### Data extract

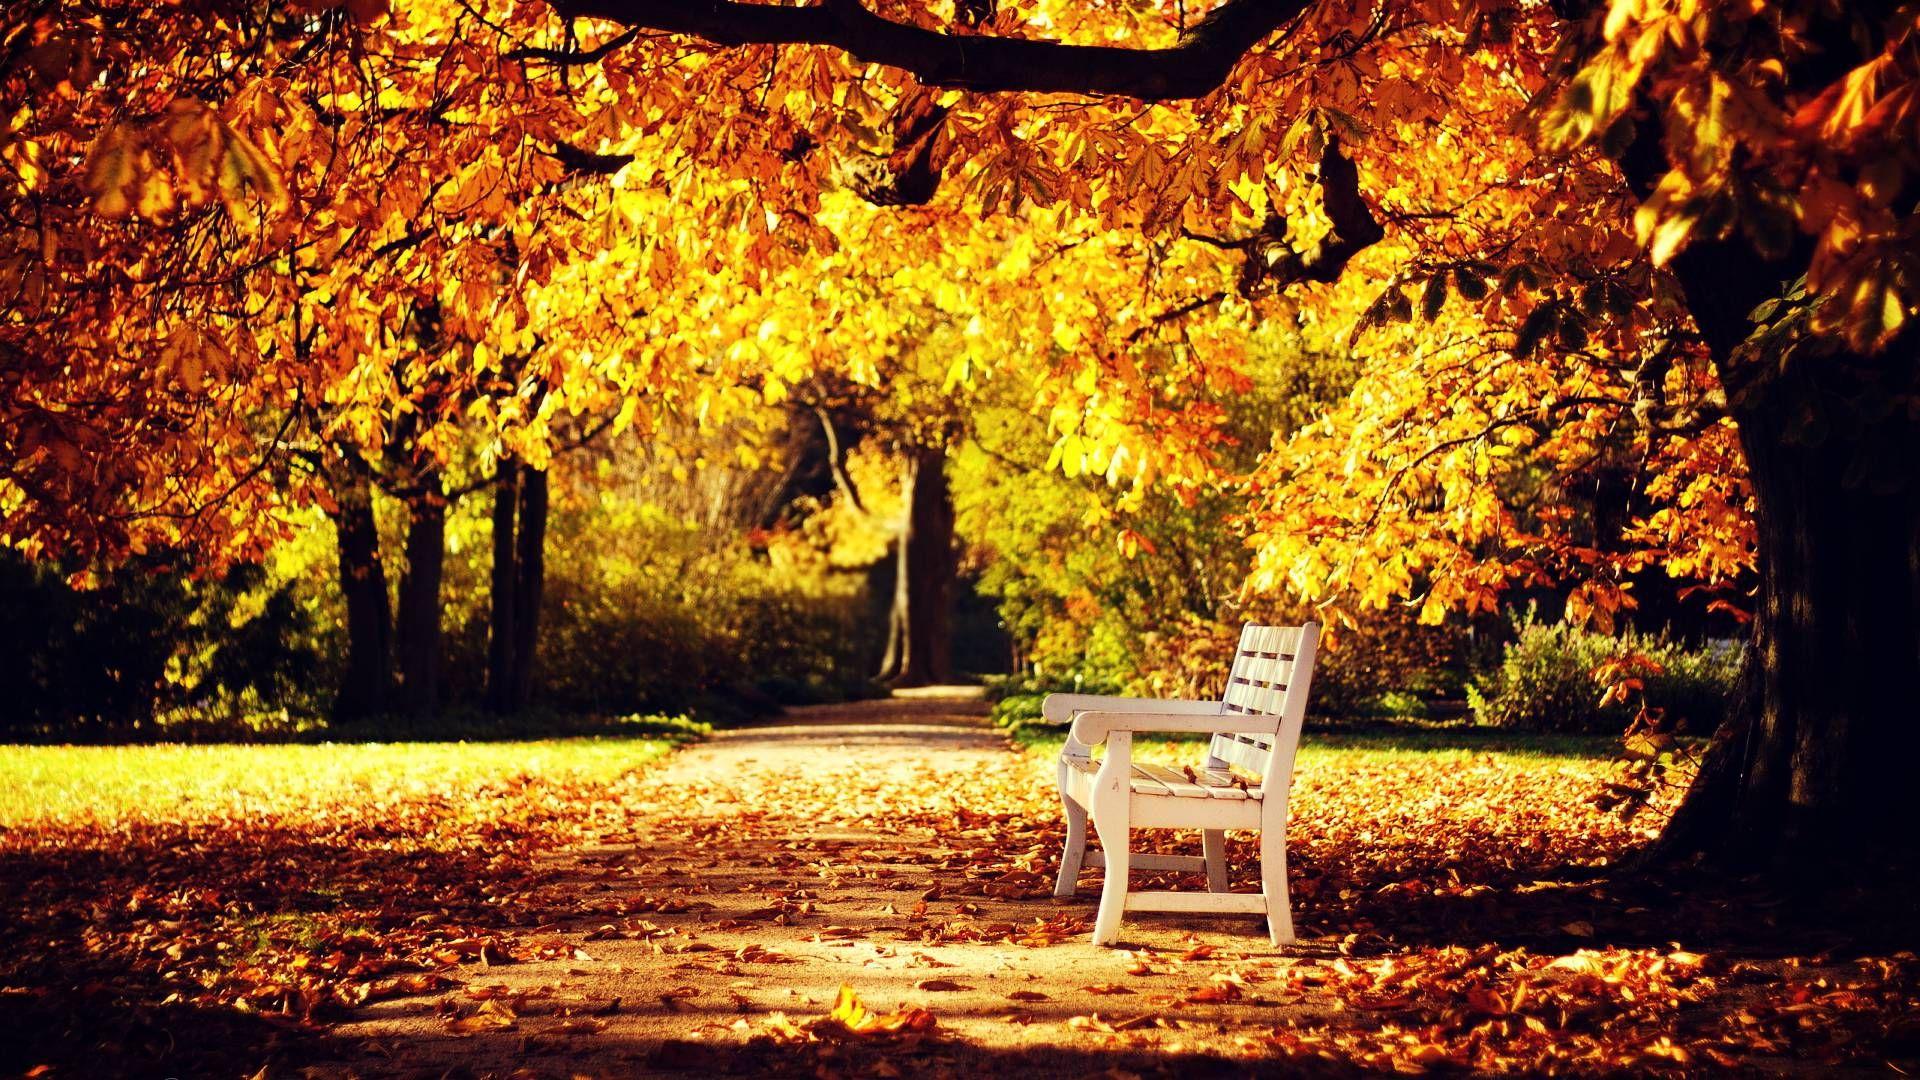 Autumn Wallpaper Fall HD Backgrounds 1680×1050 Autumn Pics
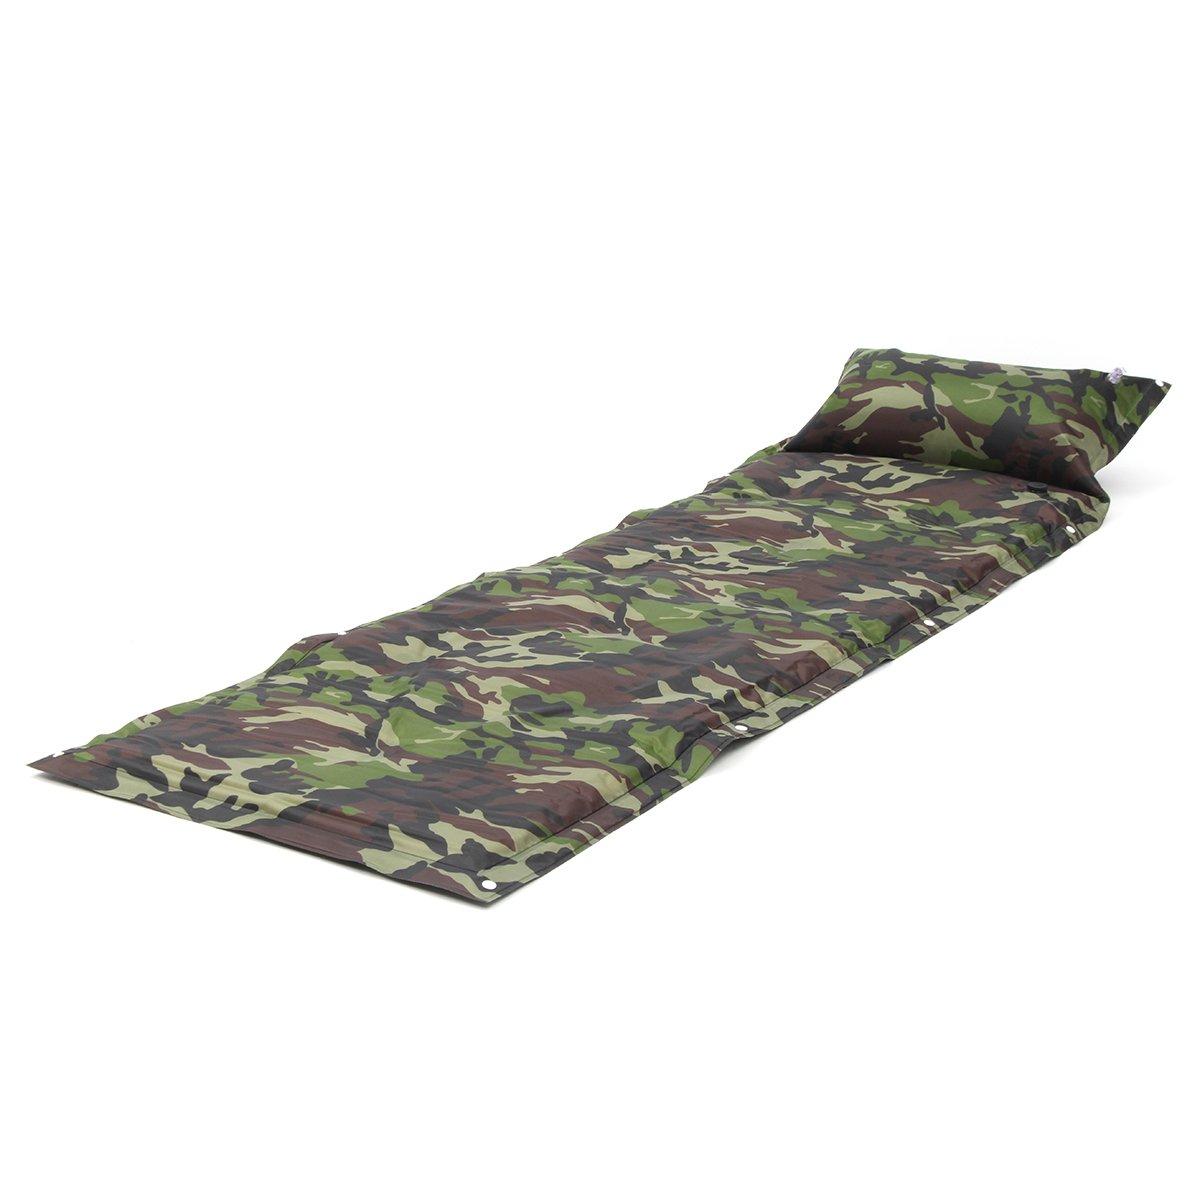 Kenthia Single selbstaufblasende Isomatte aufblasbar Air Matratze Sleeping Pad mit Kopfkissen
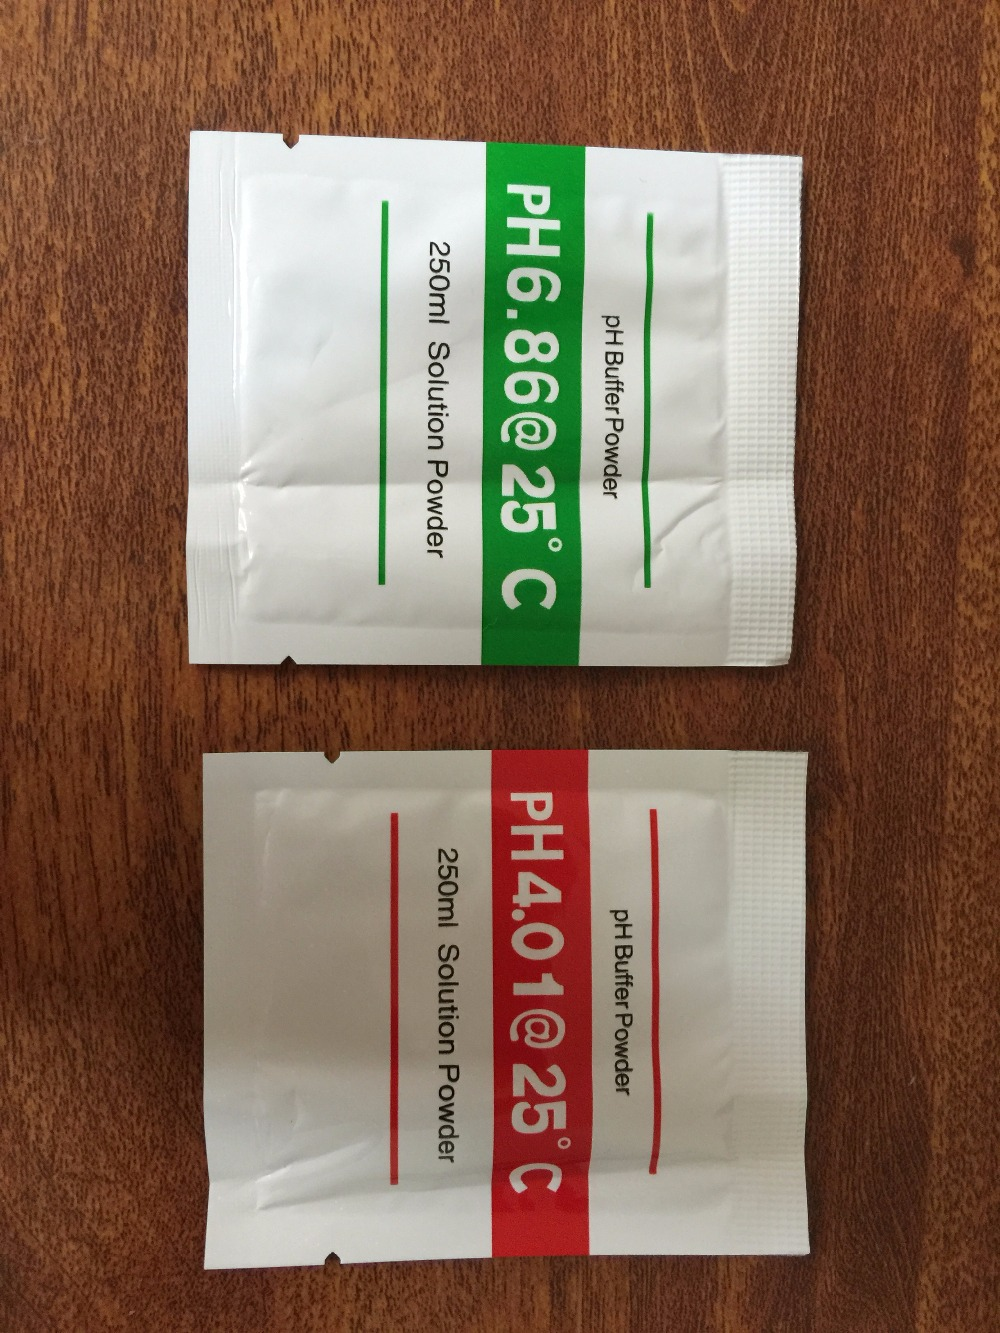 20pcs PH Buffer Powder for PH Test Meter Measure Calibration Solution 4.01 6.86pH

### What to do
Return all the material exactly, pictures excluded.

### Task response
 Autumn Wallpaper Fall HD Backgrounds 1680×1050 Autumn Pics
 Kenthia Single selbstaufblasende Isomatte aufblasbar Air Matratze Sleeping Pad mit Kopfkissen
 20pcs PH Buffer Powder for PH Test Meter Measure Calibration Solution 4.01 6.86pH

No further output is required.